80 [END]

294K 38K 6.3K
                                    

Waktu mengalir begitu cepat. Tidak terasa mereka sekarang telah tiba di hari terakhir berada di SMA Lesmana menggunakan seragam sekolah. Ada perasaan senang, enggan, dan sedih memikirkan telah melewati waktu yang menyenangkan di sekolah ini. Karena terbiasa di asrama, 24 jam mereka habiskan setiap hari bersama. Kini mereka harus pergi berpisah, jelas sejak sekarang akan susah mencari waktu sekadar berjalan bersama.

“SKAY! SINI FOTO!” teriak Cici yang baru saja selesai berselfie ria bersama gadis-gadis lain.

Skaya tersenyum lebar dan bergegas bergabung. Setelah mengambil banyak foto selfie serta foto kelas, dia akhirnya bebas dari cengkraman Cici.

“AAAA SAGARA! FOTO BARENG YUK!” ajakan itu penuh histeris.

Mendengar nama sang pacar, tentu saja Skaya menoleh tanpa disadari. Dia memandang pintu kelasnya dengan linglung, melihat laki-laki tinggi yang berdiri di ambang pintu dengan sebuket bunga mawar di tangannya.

Tubuh gadis itu mematung sejenak. Melihat tatapan Sagara tertuju padanya dengan sudut bibir perlahan terangkat, mata Skaya berkedip berulang kali berusaha mengode laki-laki itu agar menghentikan rencananya.

Tetapi Sagara tidak peka dengan kodenya. Dia tetap berjalan masuk dan berdiri di depannya, menatap lembut sambil menarik tangan gadis itu untuk mengambil buket bunganya.

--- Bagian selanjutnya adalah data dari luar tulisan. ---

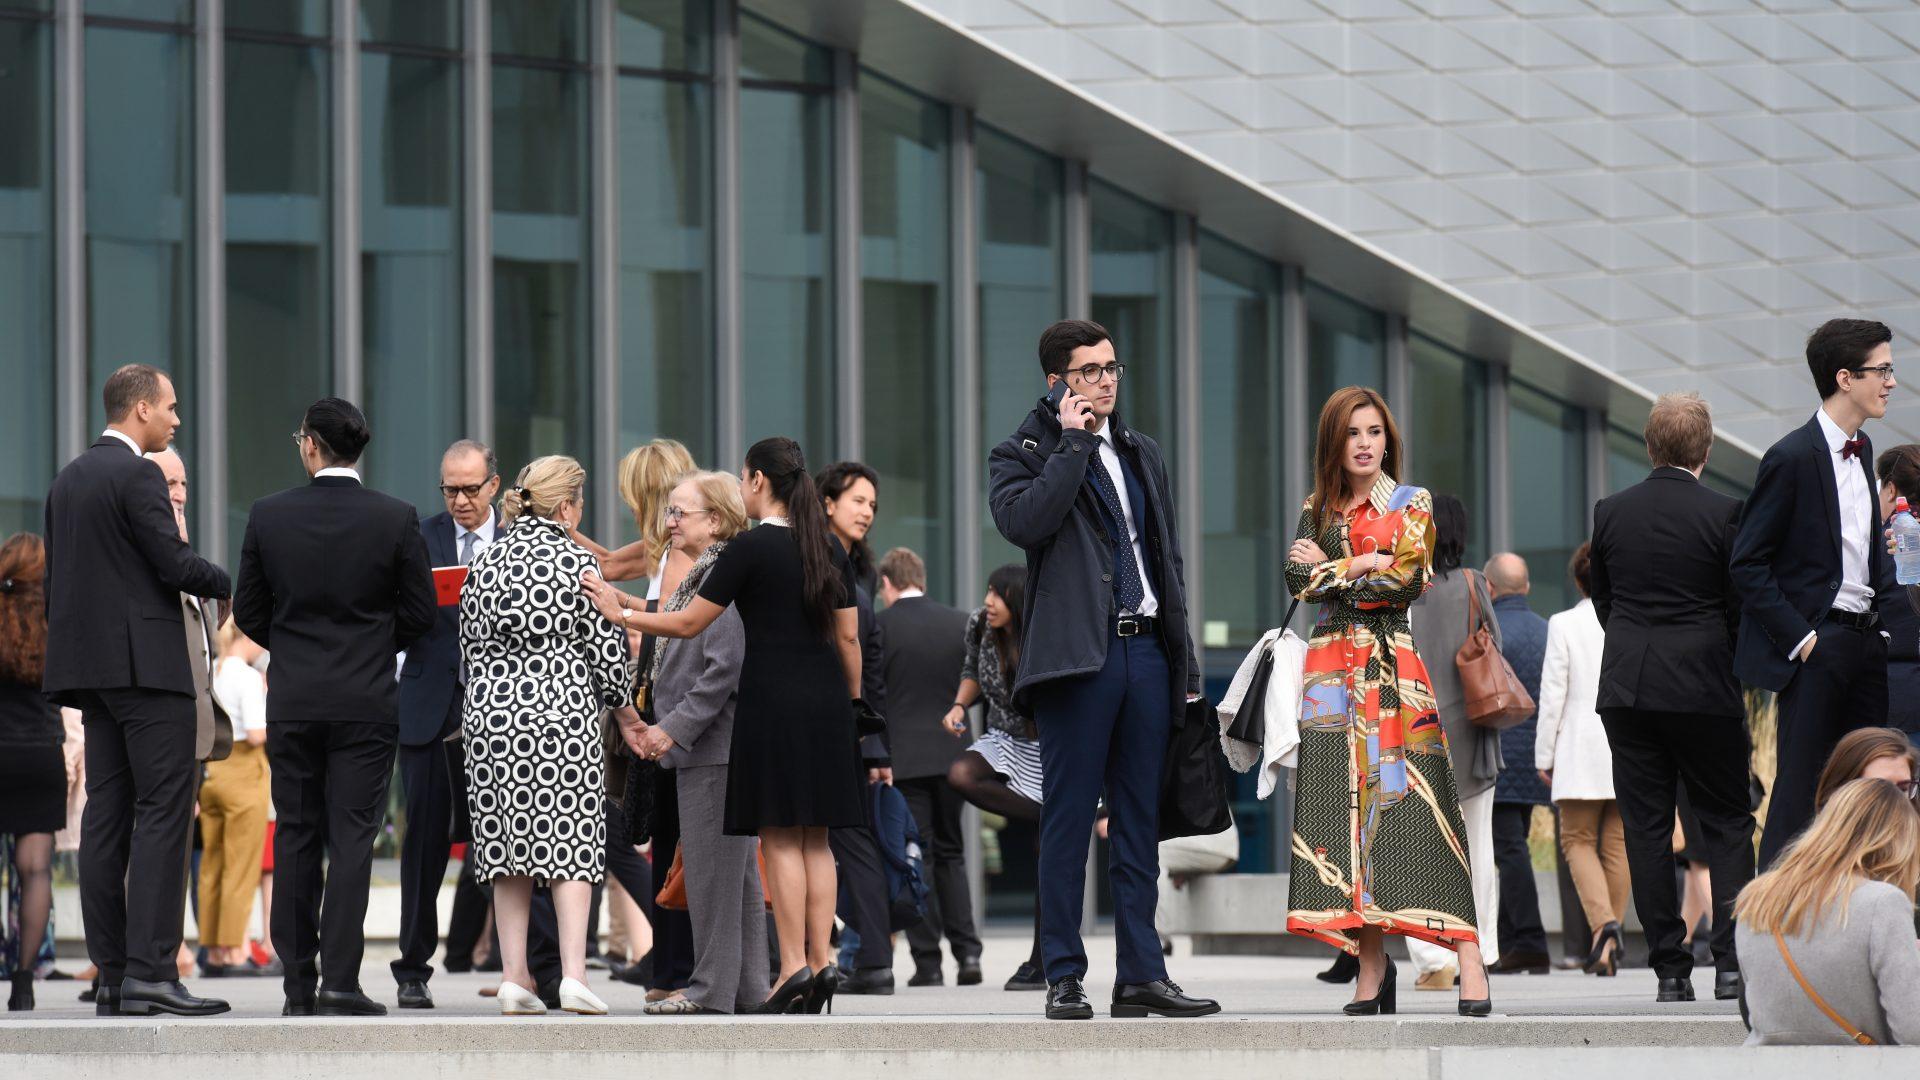 Des étudiantes et des étudiants attendant à l'extérieur du SwissTech Convention Center, lors de la Magistrale 2018
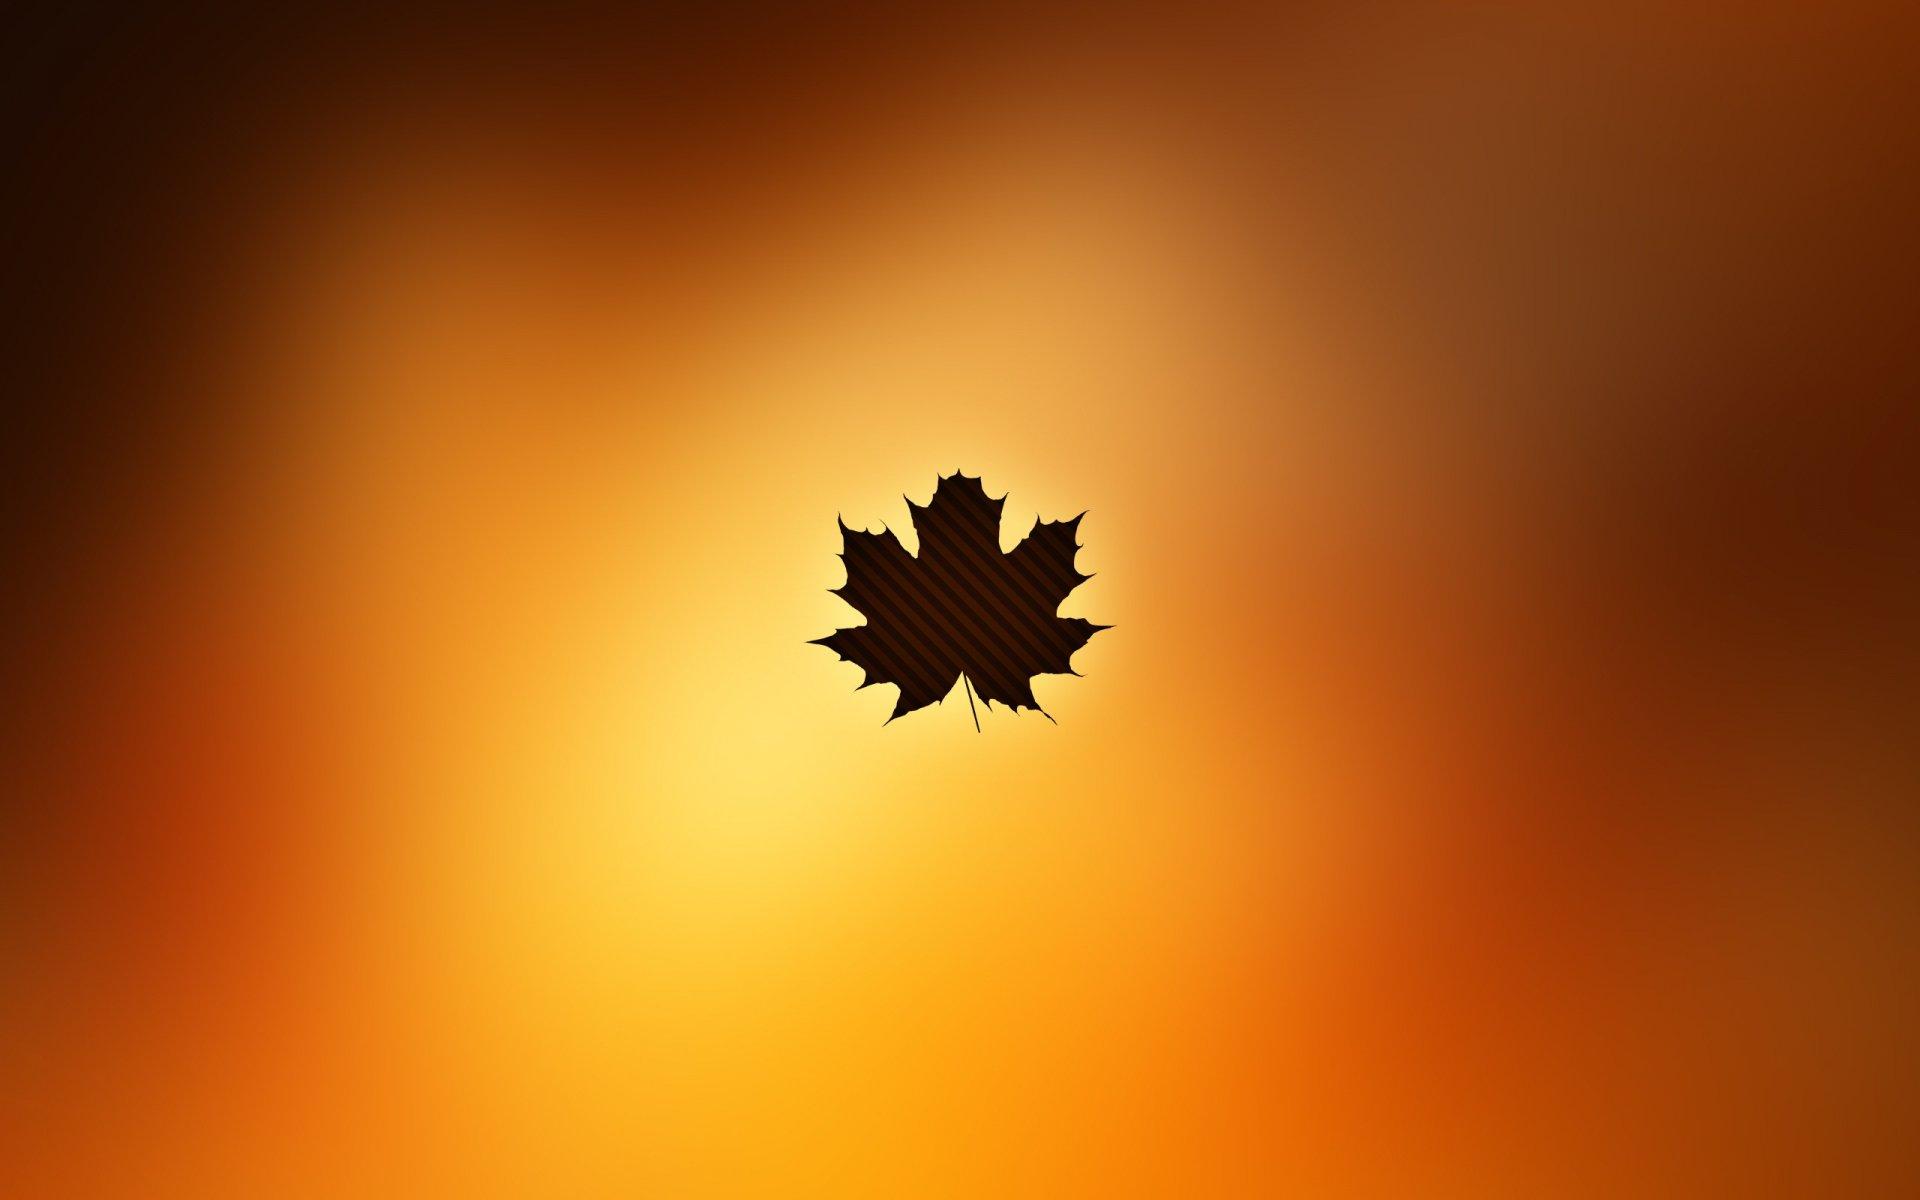 Обои осень, желтый, вектор. Минимализм foto 9

“Gue gak tau berapa banyak bunga yang perlu dikasih ke elo. Kata orang, lebih baik ngasih 999 tangkai mawar. Tapi toko bunga gak punya sebanyak itu. Jadi gue minta 99 tangkai.” Dengan lancar Sagara menjelaskan, membuat keriuhan kelas Skaya menjadi hening dalam sekejap. Senyum Sagara lebih lembut melihat Skaya menatapnya shock. “By the way Aya, happy graduation!

“AAHHHHH! HOW SWEET!

“Ehhh??! Skaya dan Sagara? Kok bisa?!”

“ANJIR! SIAPE ADMIN LAMBE TURAH DI SINI?! PAYAH GAK TANGKEP PACARNYA SAGARA DI DEPAN MATA!!!”

“Ecie Skay!!! Cuit, cuit!”

Kelas seketika menjadi bising. Sudut bibir Skaya berkedut, apa lagi mendengar suara Cici di akhir. Gadis itu memeluk buket bunga dengan satu tangan, sedangkan tangan lainnya bergegas menarik Sagara agar keluar dari kekacauan kelas. Sejak tadi wajahnya sudah memerah menahan malu. Melihat Sagara mengikutinya dengan senyuman puas, bibirnya mencuat kesal.

“Lo sengaja, kan?” tuding Skaya langsung begitu berhenti di tempat yang lebih sepi.

“Hari terakhir. Biar mereka tau siapa pawang lo.” Sagara memasukkan tangannya ke saku celana. Ekspresinya yang santai membuat gadis itu bertambah jengkel.

“Pawang apa? Gak ada cowok yang deketin gue. Malah elo tuh yang banyak deketin.”

Bukannya tidak sabar karena dituduh terus menerus, Sagara malah terkekeh dan menangkup wajah Skaya. “Lo cemburu? Gemes banget pen gigit.”

“Apa sih? Big Bos yang serius dong.”

“Iya sayang. Gue selalu serius kok. Apa lagi soal nikah sama lo.”

Skaya berdecak sambil memandang buket bunga di tangannya. “Cantik banget mawarnya. Tapi Big Bos, gue gak bisa nerima bunga lo.”

“Hah?”

Dengan tenang Skaya mendongak, memperlihatkan matanya yang berair lalu berbicara dengan suara serak. “Gue alergi serbuk bunga. Bunga mawar dikit sih mending, ini banyak banget.”

Sagara terdiam sejenak sebelum merutuk pelan, “Shit.”

Laki-laki itu merampas bunga tersebut, dengan penuh dendam melemparkannya ke tempat sampah dan memegang tangan gadis itu erat.